Data extract
/---

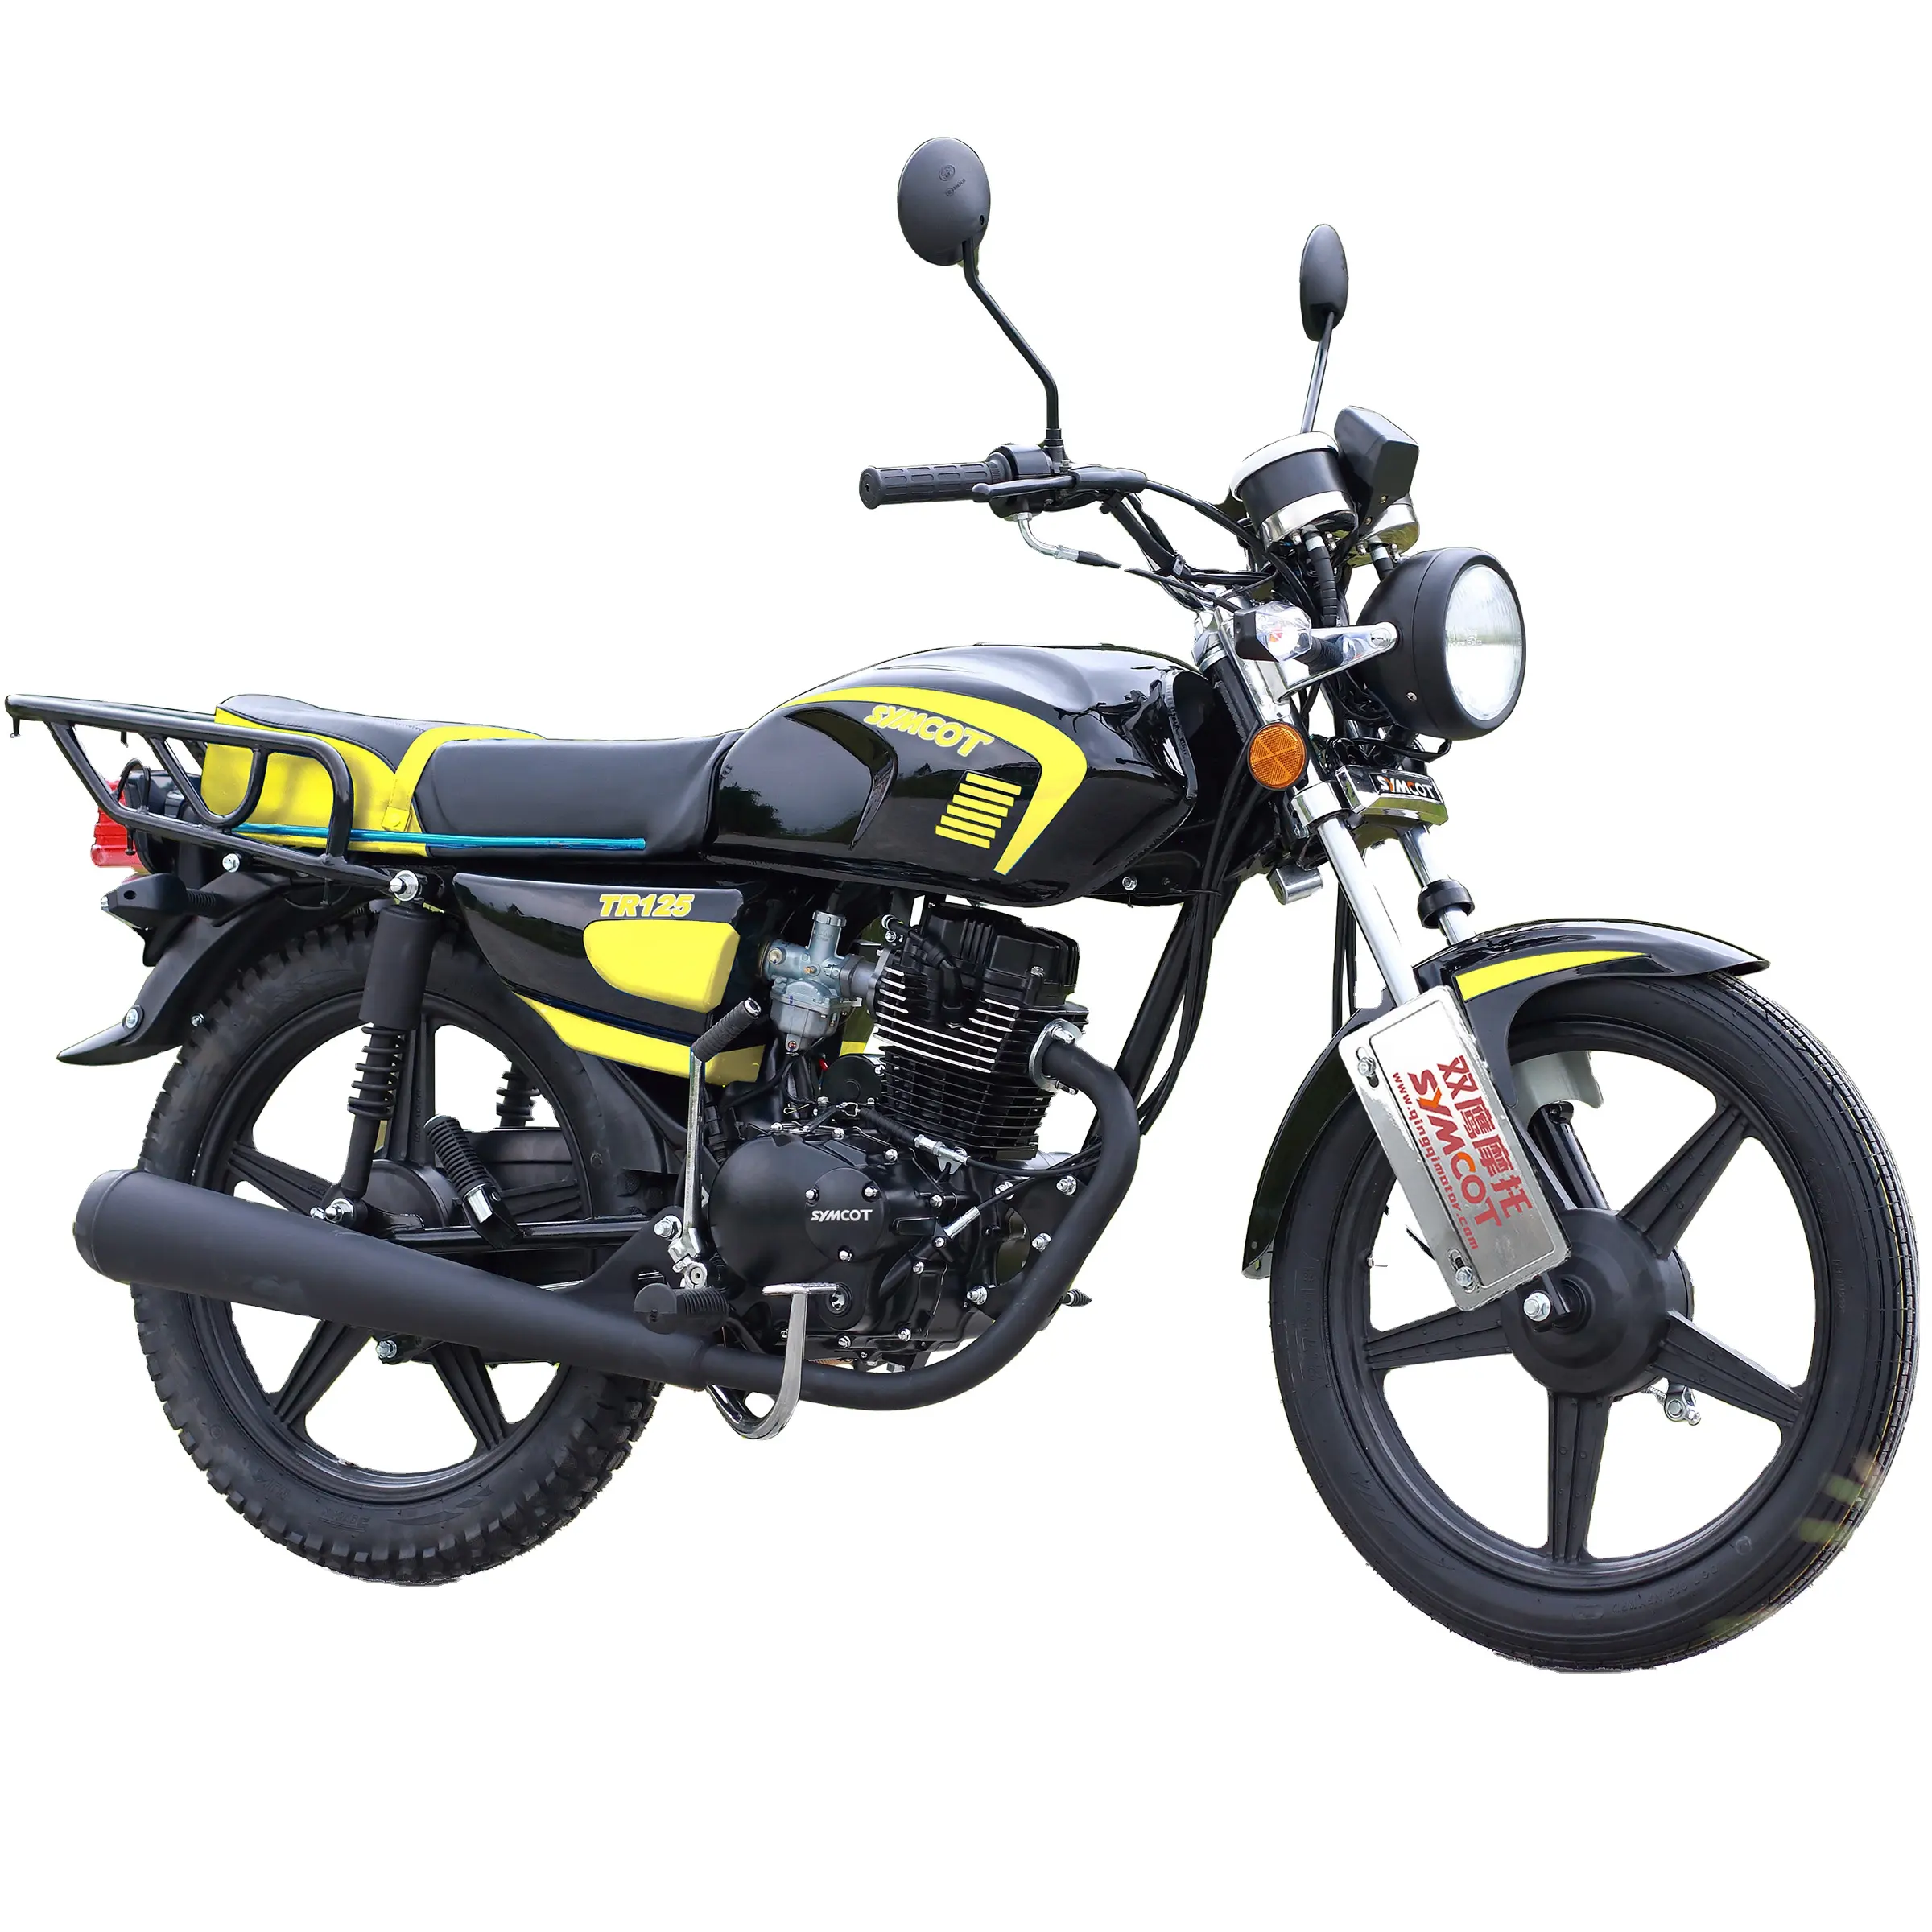 Motocicleta de alta potencia de fábrica, motocicleta cómoda, personalizada a gasolina, 150 c
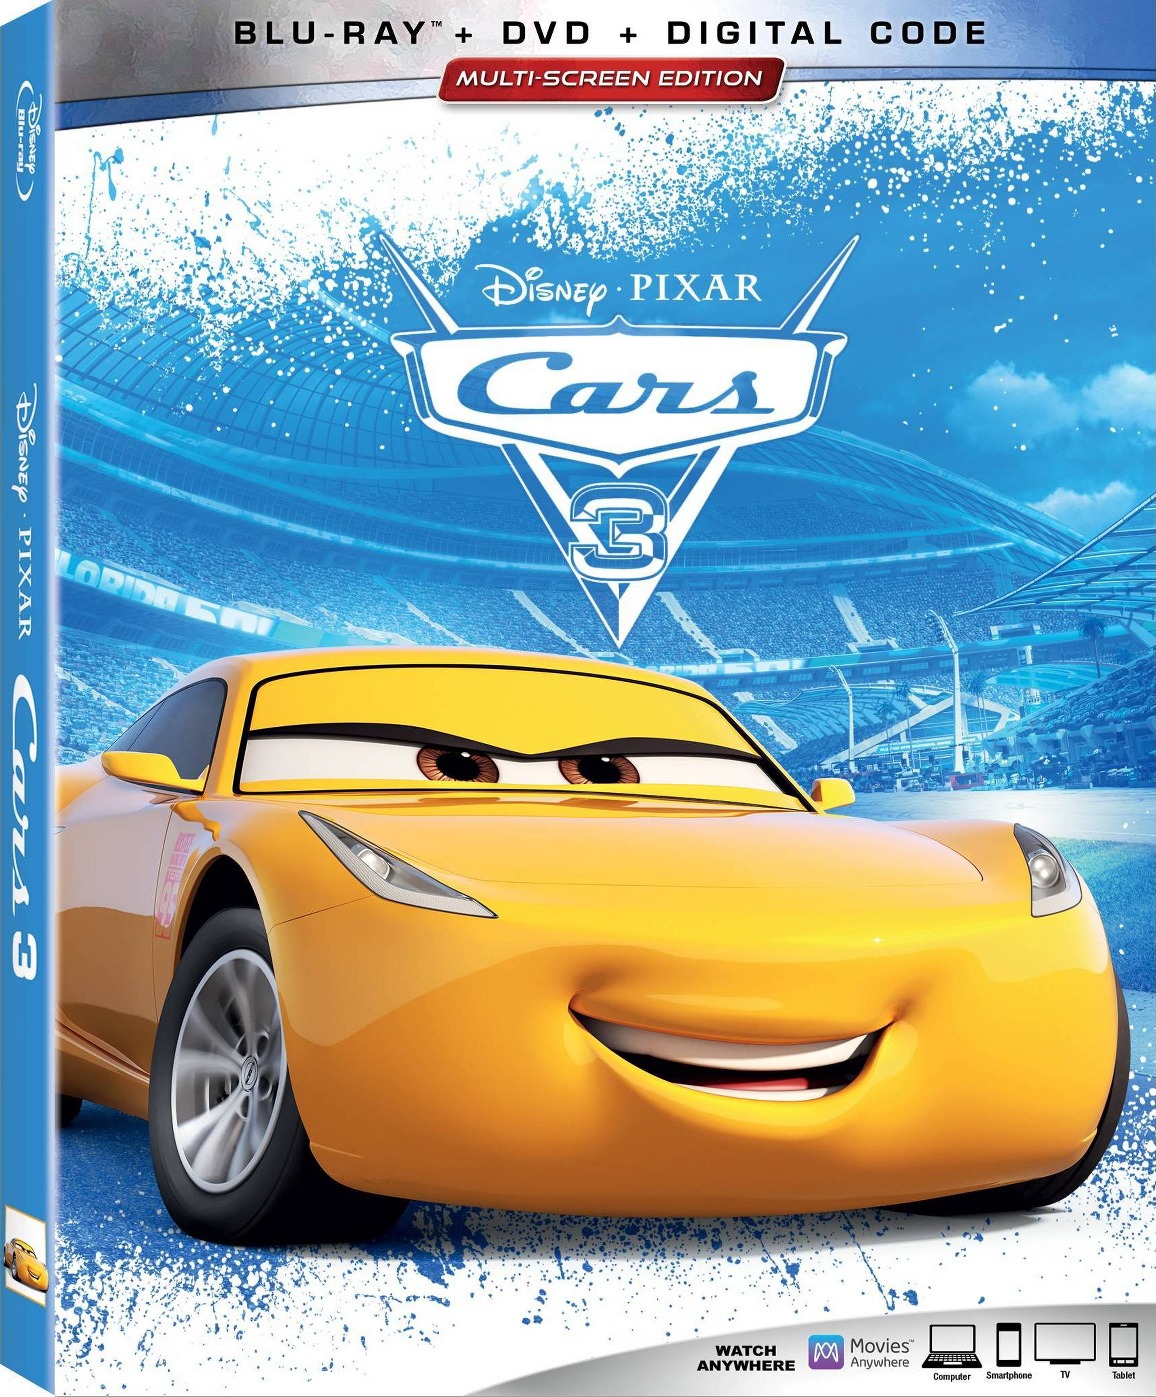 Catalog Pixar Titles On 4k Uhd Multi Screen Edition Blu Rays Pixar Post Forum
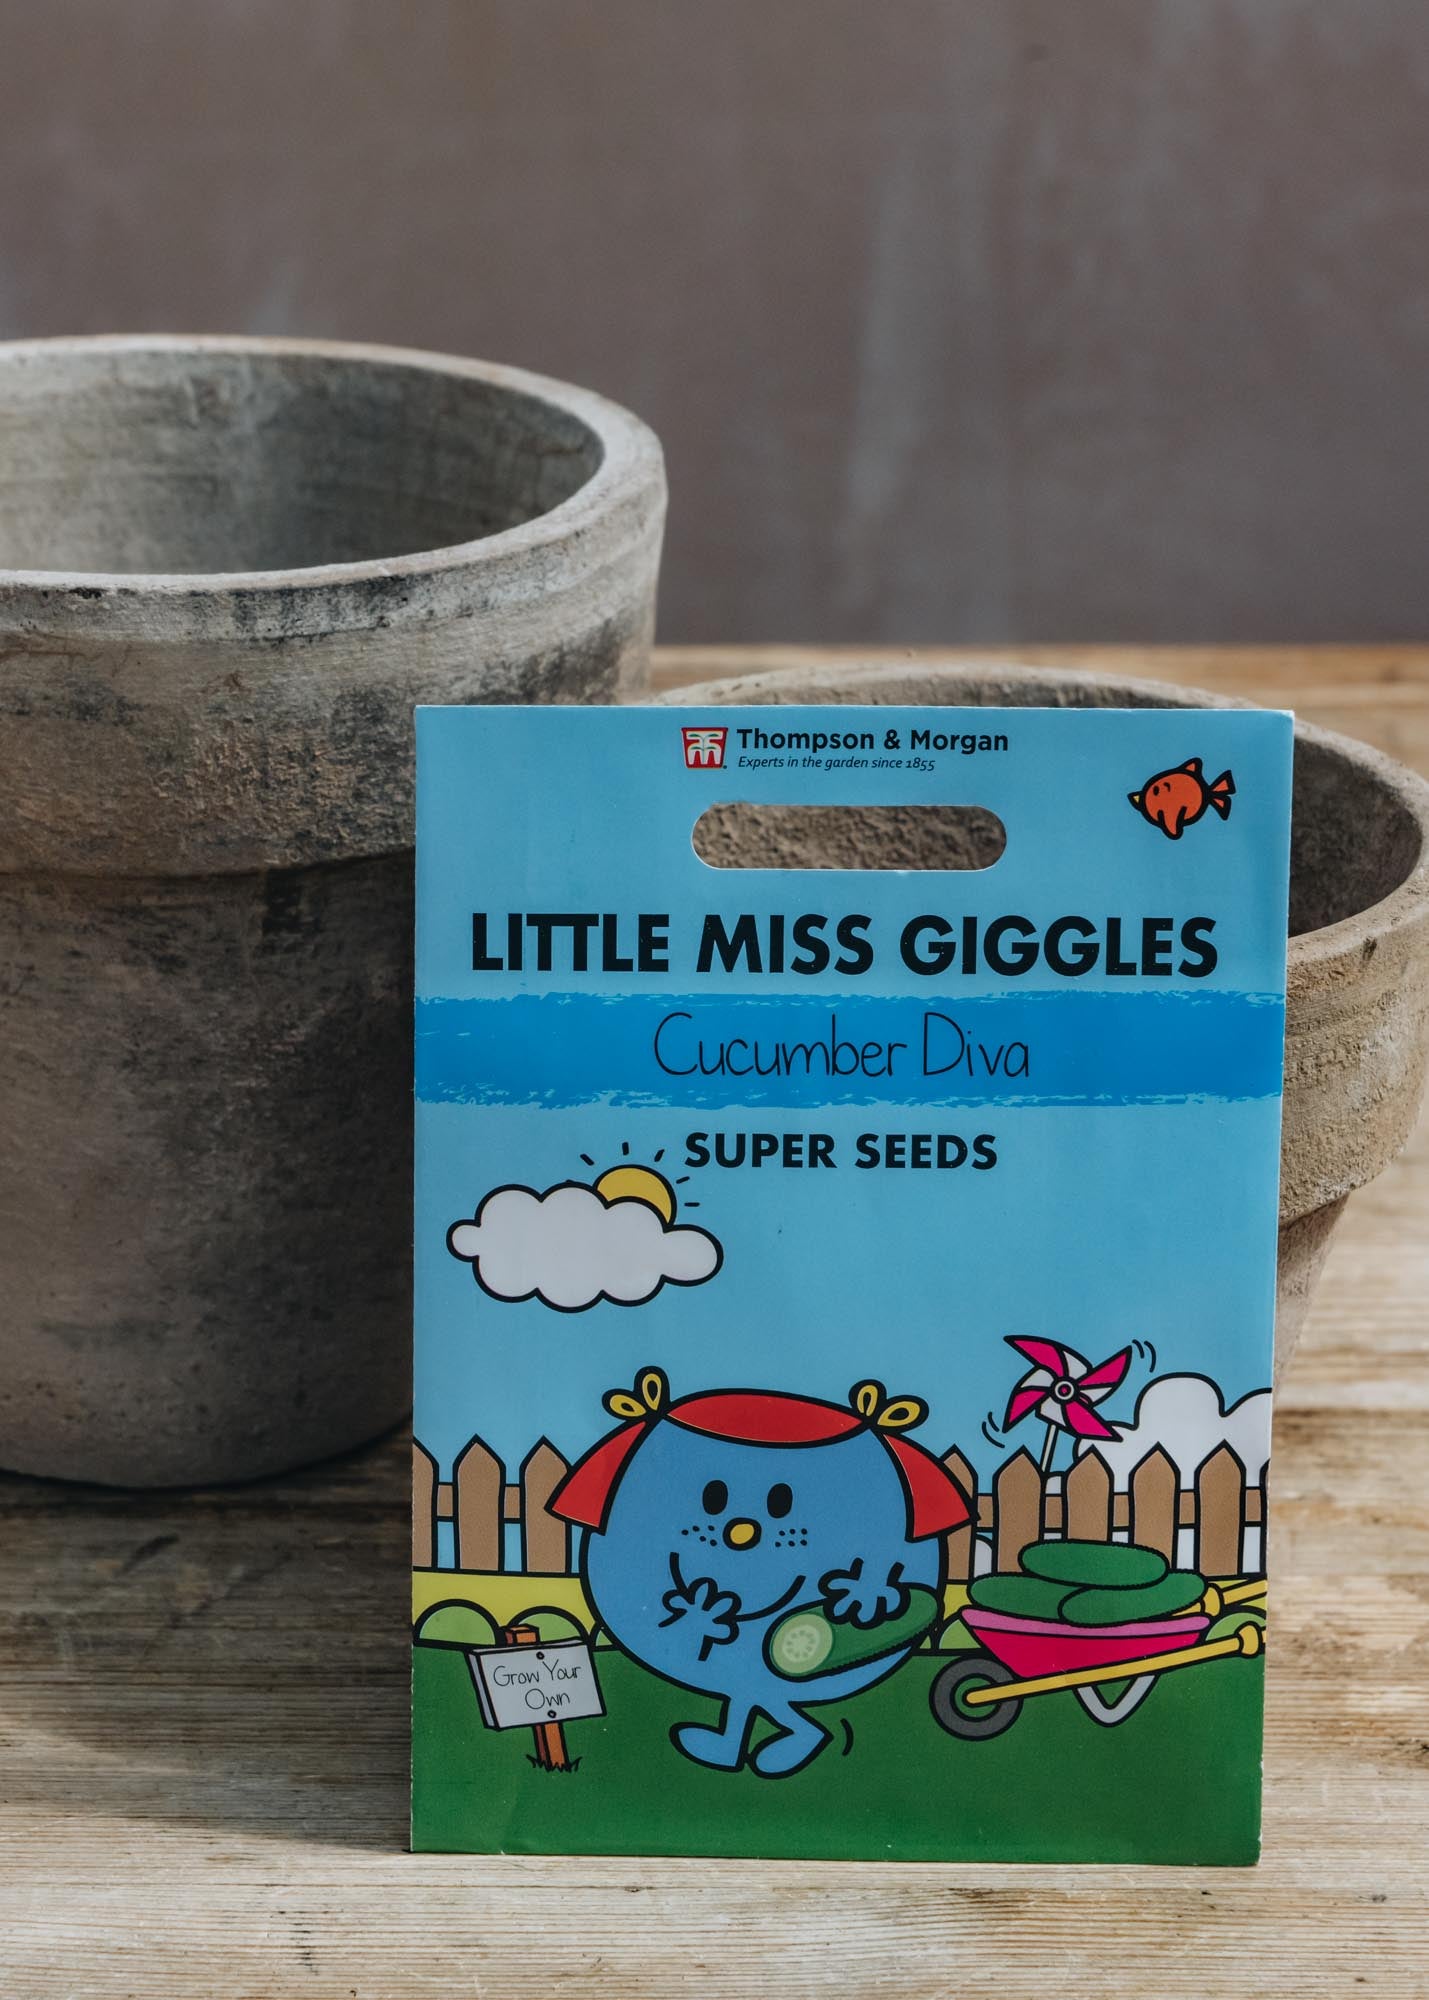 Little Miss Giggles Cucumber Diva Seeds

\---

What the task asks
Retype all the data exactly; skip the pictures.

Exercise result
 Motocicleta de alta potencia de fábrica, motocicleta cómoda, personalizada a gasolina, 150 c
 Catalog Pixar Titles On 4k Uhd Multi Screen Edition Blu Rays Pixar Post Forum
 Little Miss Giggles Cucumber Diva Seeds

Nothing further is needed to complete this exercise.